Noah Amir Arjomand - Producer

Noah Amir Arjomand is an Emmy Award-winning filmmaker, researcher, and journalist interested in how we connect and communicate, and what happens when communication breaks down. His first (co-directed, co-produced) feature documentary EAT YOUR CATFISH screened in competition at festivals including IDF Amsterdam, Full Frame, Sheffield DocFest, and Santa Barbara; won prizes at Istanbul FF and Antenna DF; aired on POV on PBS, NHK (Japan), and TV3 (Spain); and won the 2024 Emmy Award for Outstanding Social Issue Documentary. Noah is also a sociologist (PhD Columbia University) who studies newsmaking from behind the scenes.

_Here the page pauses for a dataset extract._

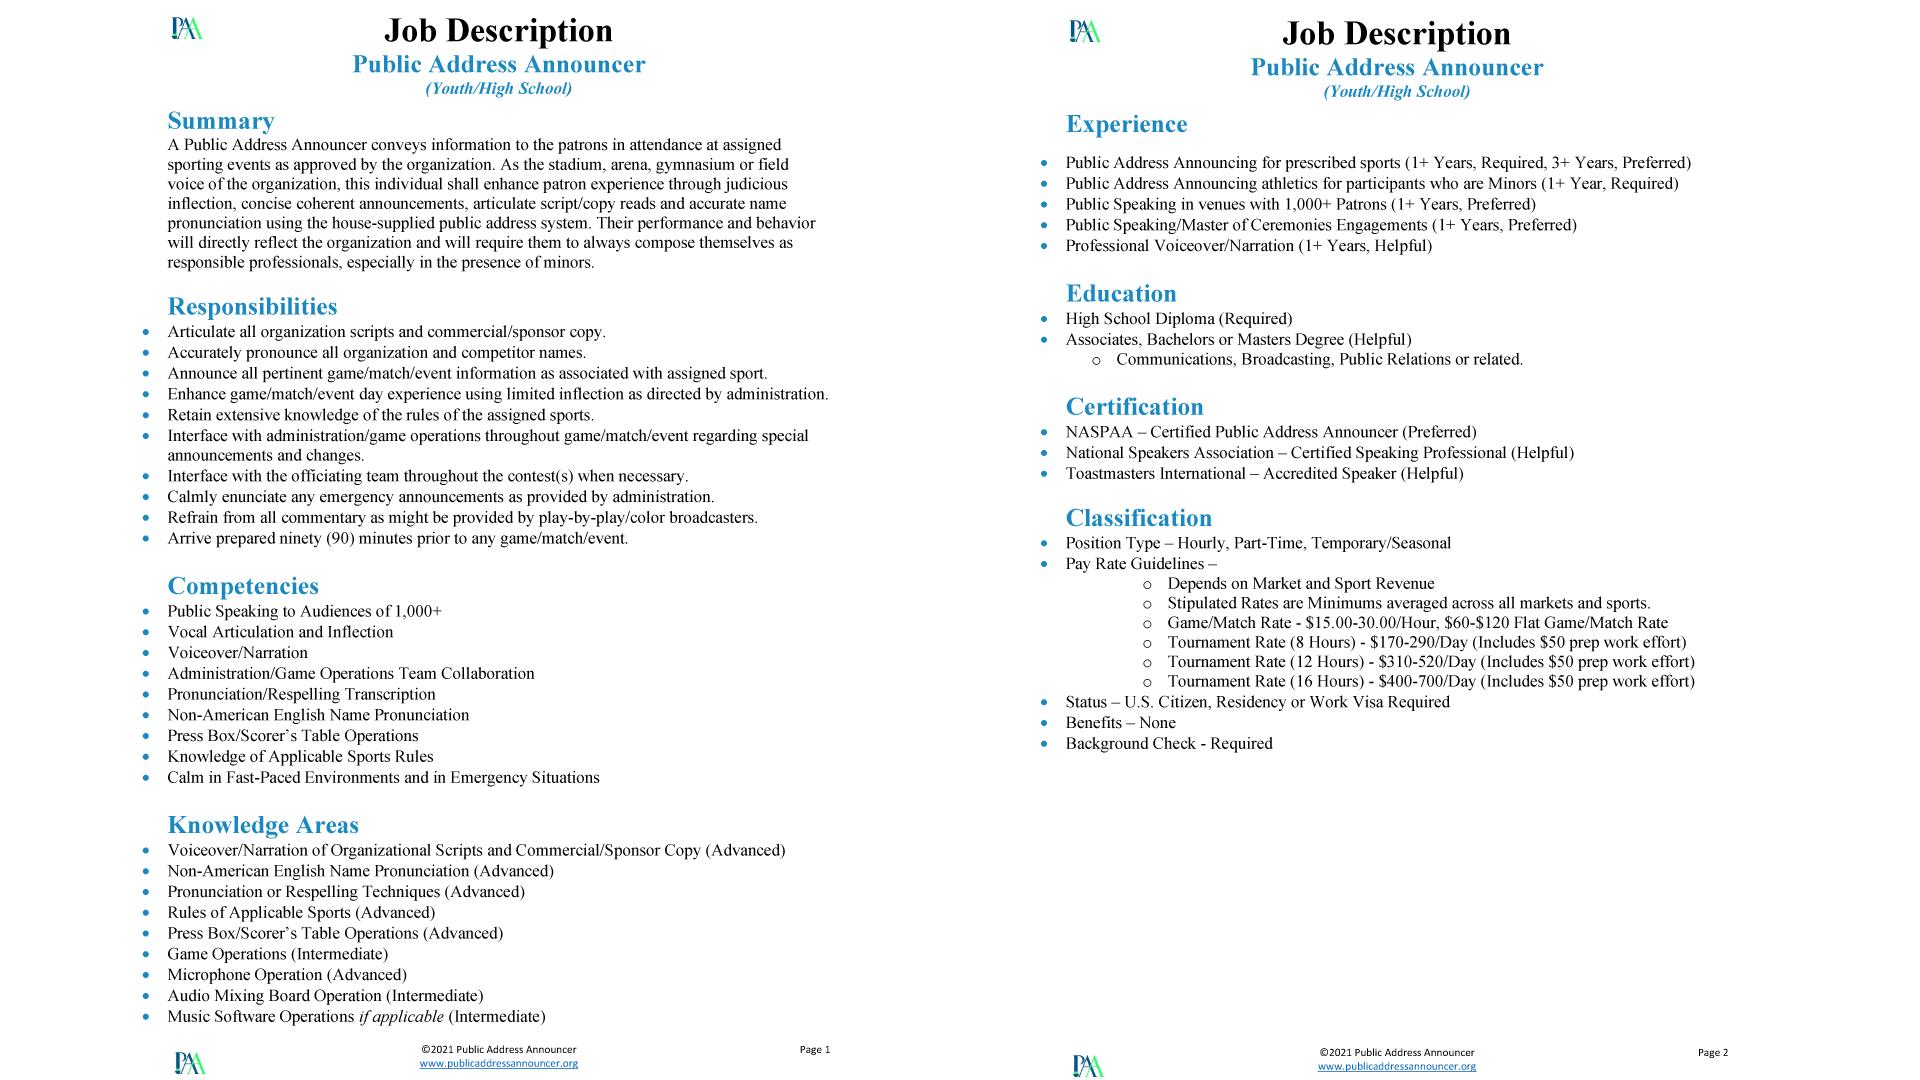 Job Description - Public Address Announcer - High School and Youth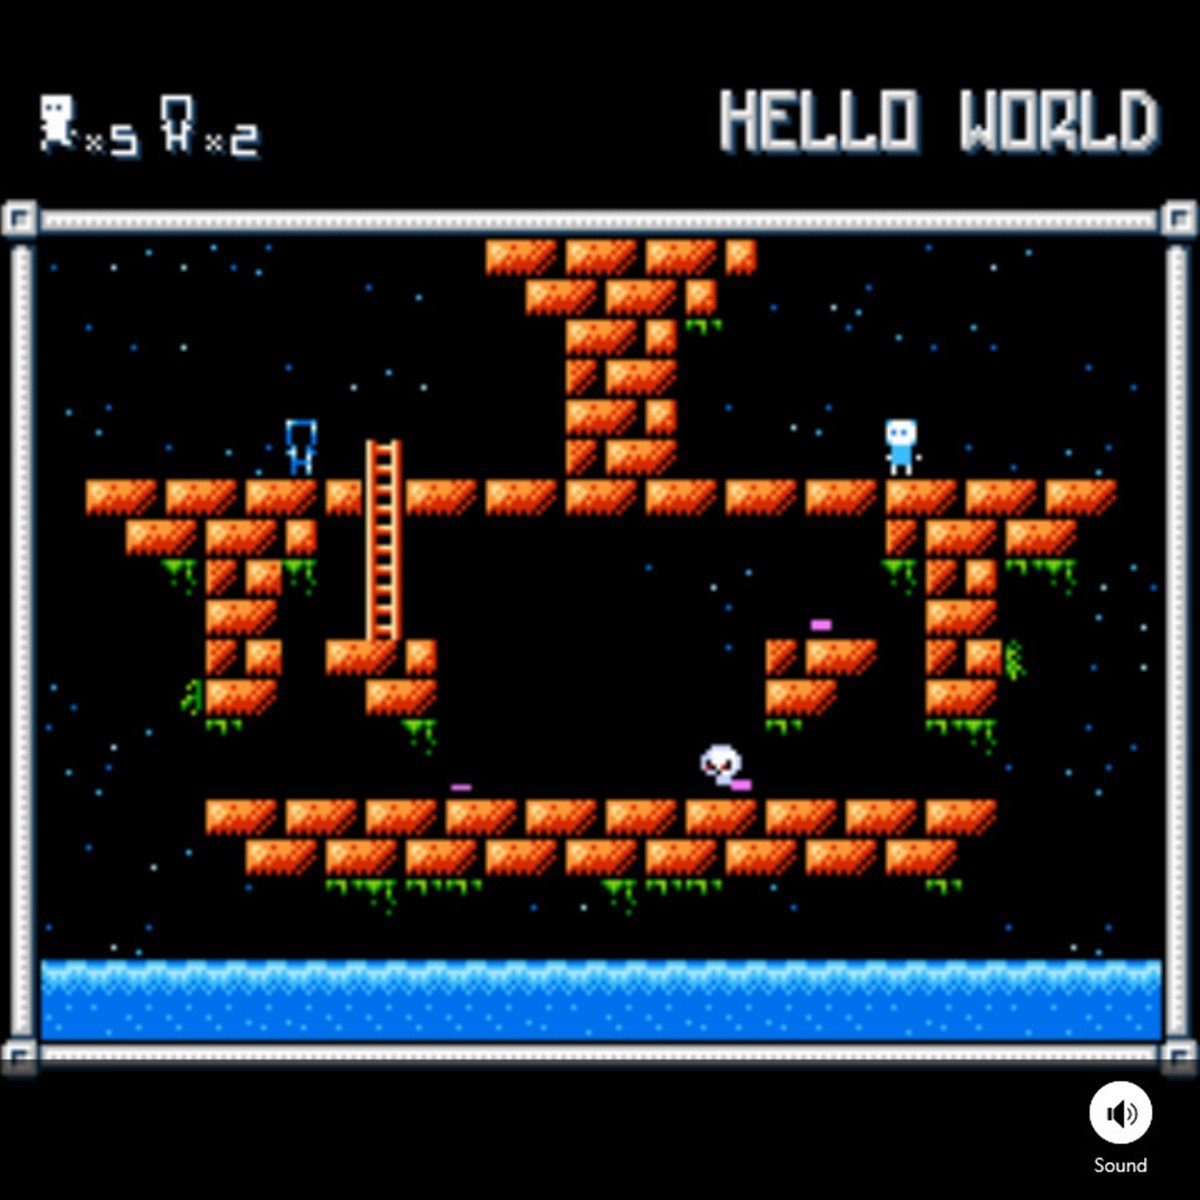 NESBox Alternatives and Similar Games - AlternativeTo net

His book FIXING STORIES (Cambridge University Press) about fixers in Turkey and Syria was named by Foreign Affairs as one of the best books of 2022. He has published numerous articles and been an invited speaker at universities and conferences around the world as an expert on transcultural media production and ethics. His writings and photos as a journalist have been published by The Guardian, Wall Street Journal, PBS Frontline, Dissent, and many others. Noah was previously the Helmke Postdoctoral Scholar for the Center for International Media Assistance at Indiana University; he is a Chancellor’s Fellow in Media & Cultural Studies at the University of California in Riverside.